# Assignment
Set down the data below in full and exactly, minus the pictures.
Data Start Marker
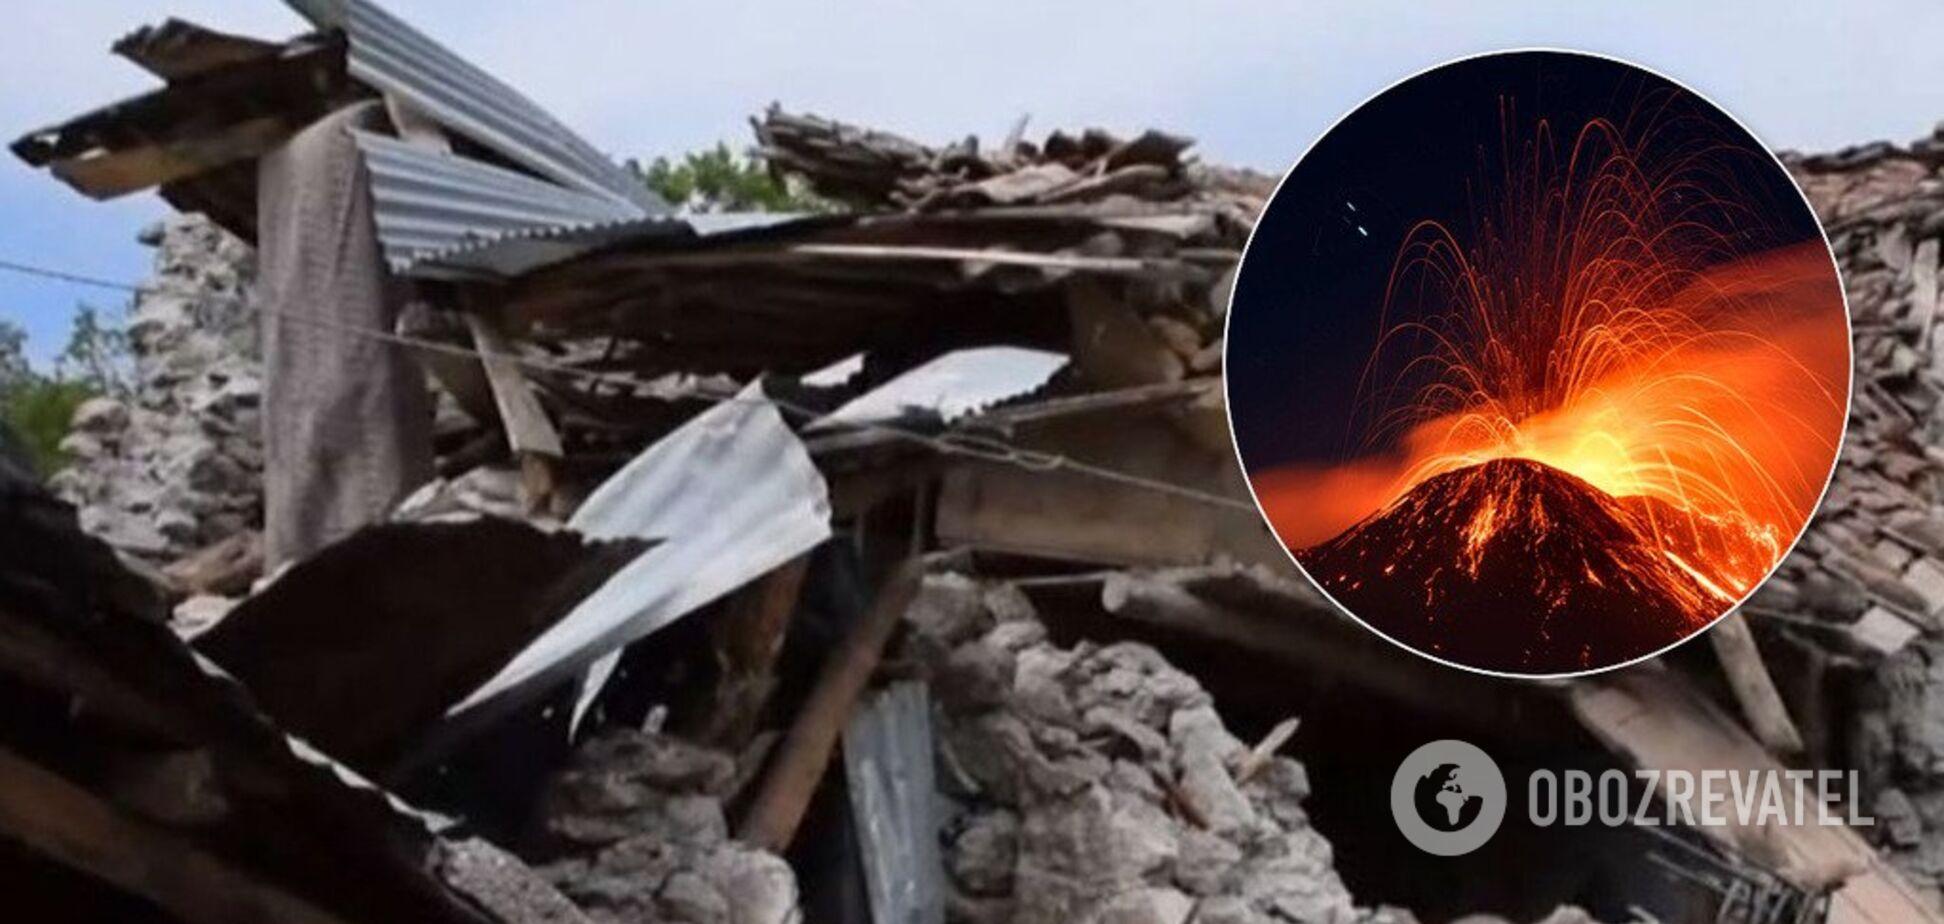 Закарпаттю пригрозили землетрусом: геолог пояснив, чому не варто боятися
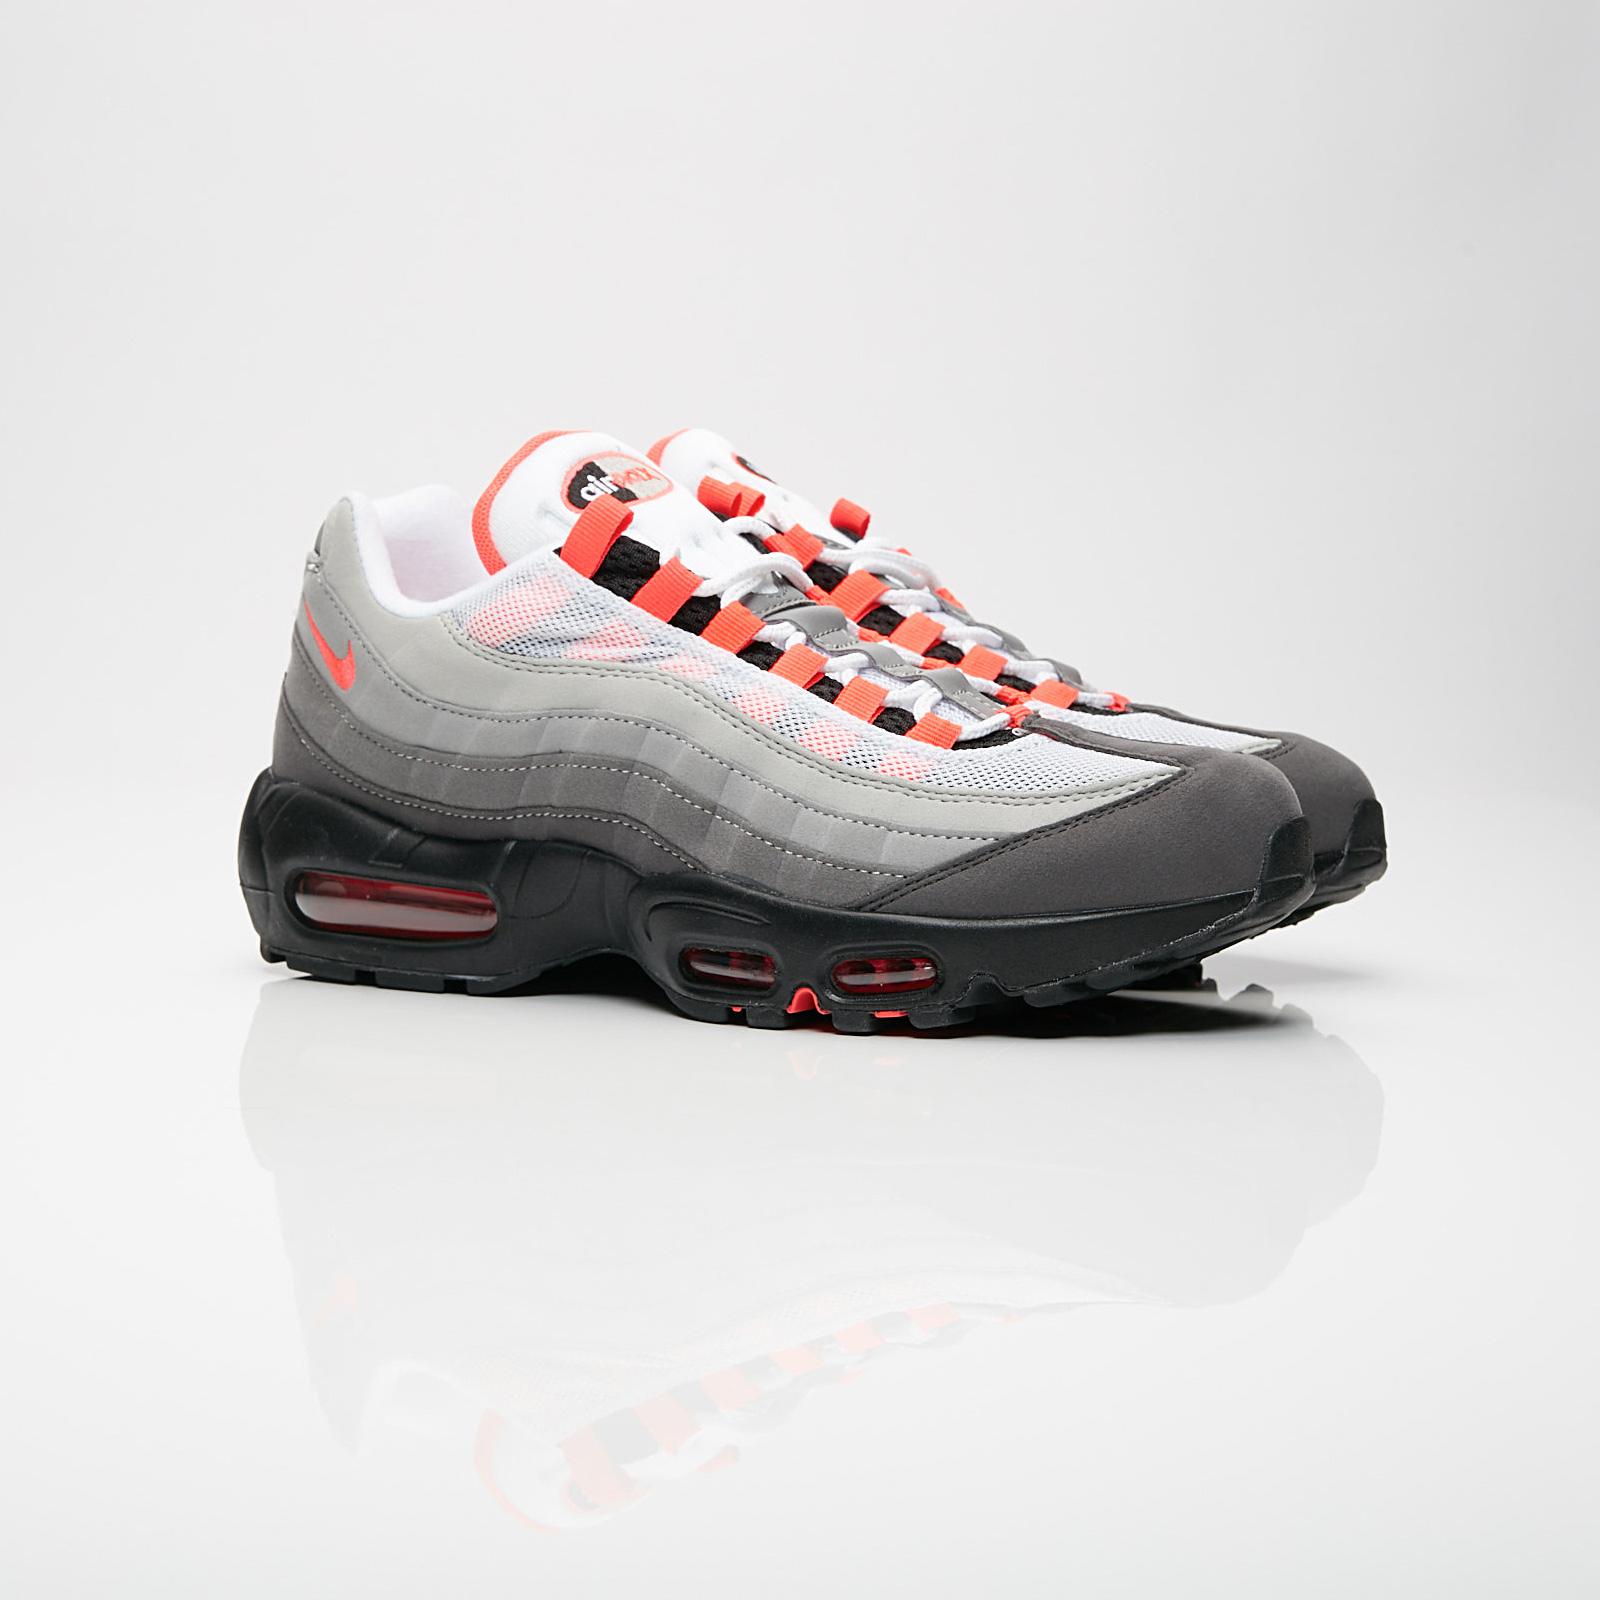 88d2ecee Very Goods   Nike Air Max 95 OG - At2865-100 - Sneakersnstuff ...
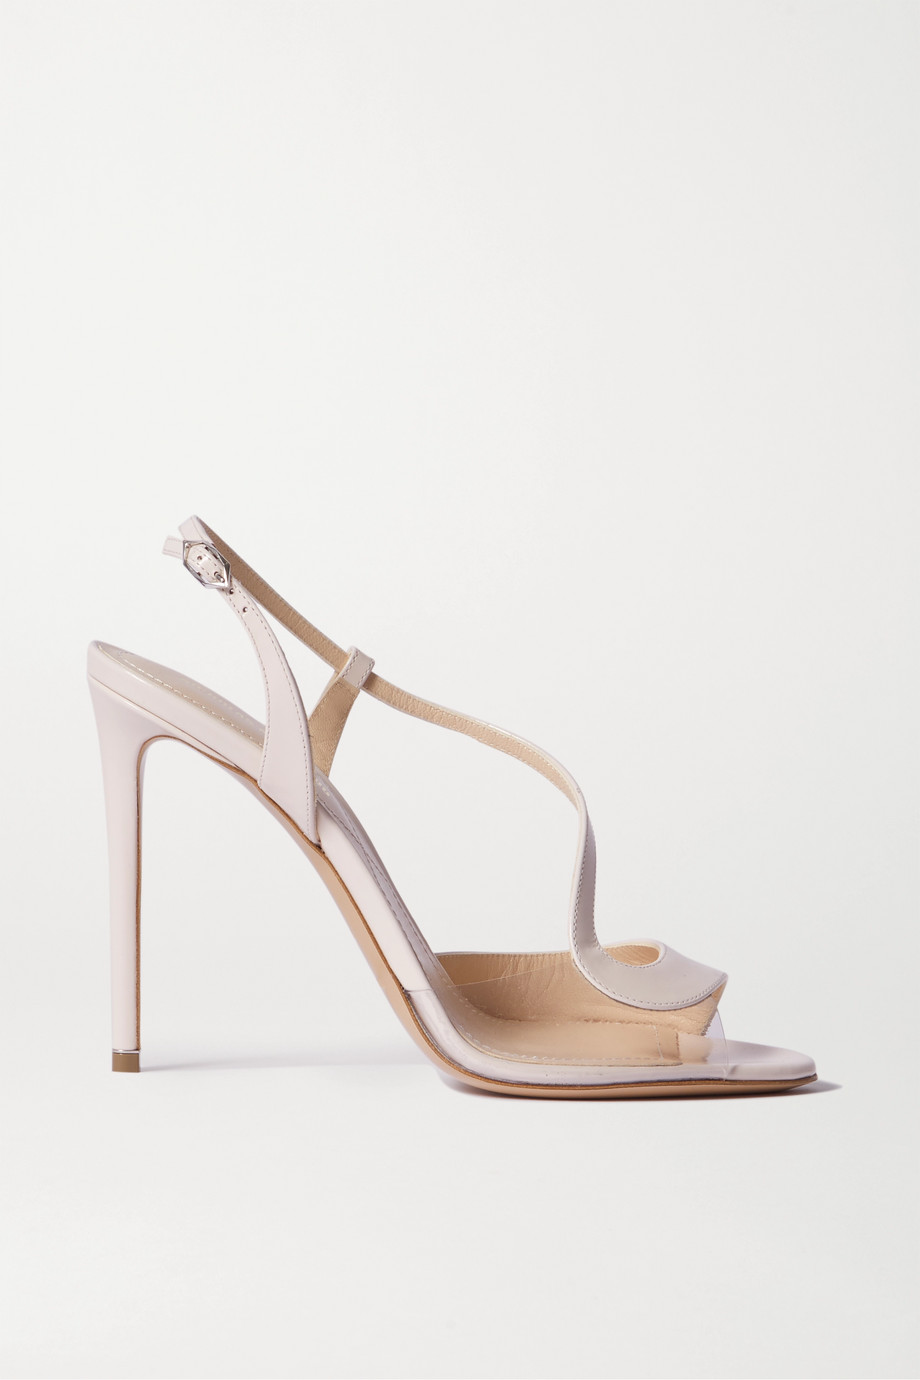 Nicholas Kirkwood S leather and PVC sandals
Data End Marker
# Reply to the exercise
 Закарпаттю пригрозили землетрусом: геолог пояснив, чому не варто боятися
 88d2ecee Very Goods   Nike Air Max 95 OG - At2865-100 - Sneakersnstuff ...
 Nicholas Kirkwood S leather and PVC sandals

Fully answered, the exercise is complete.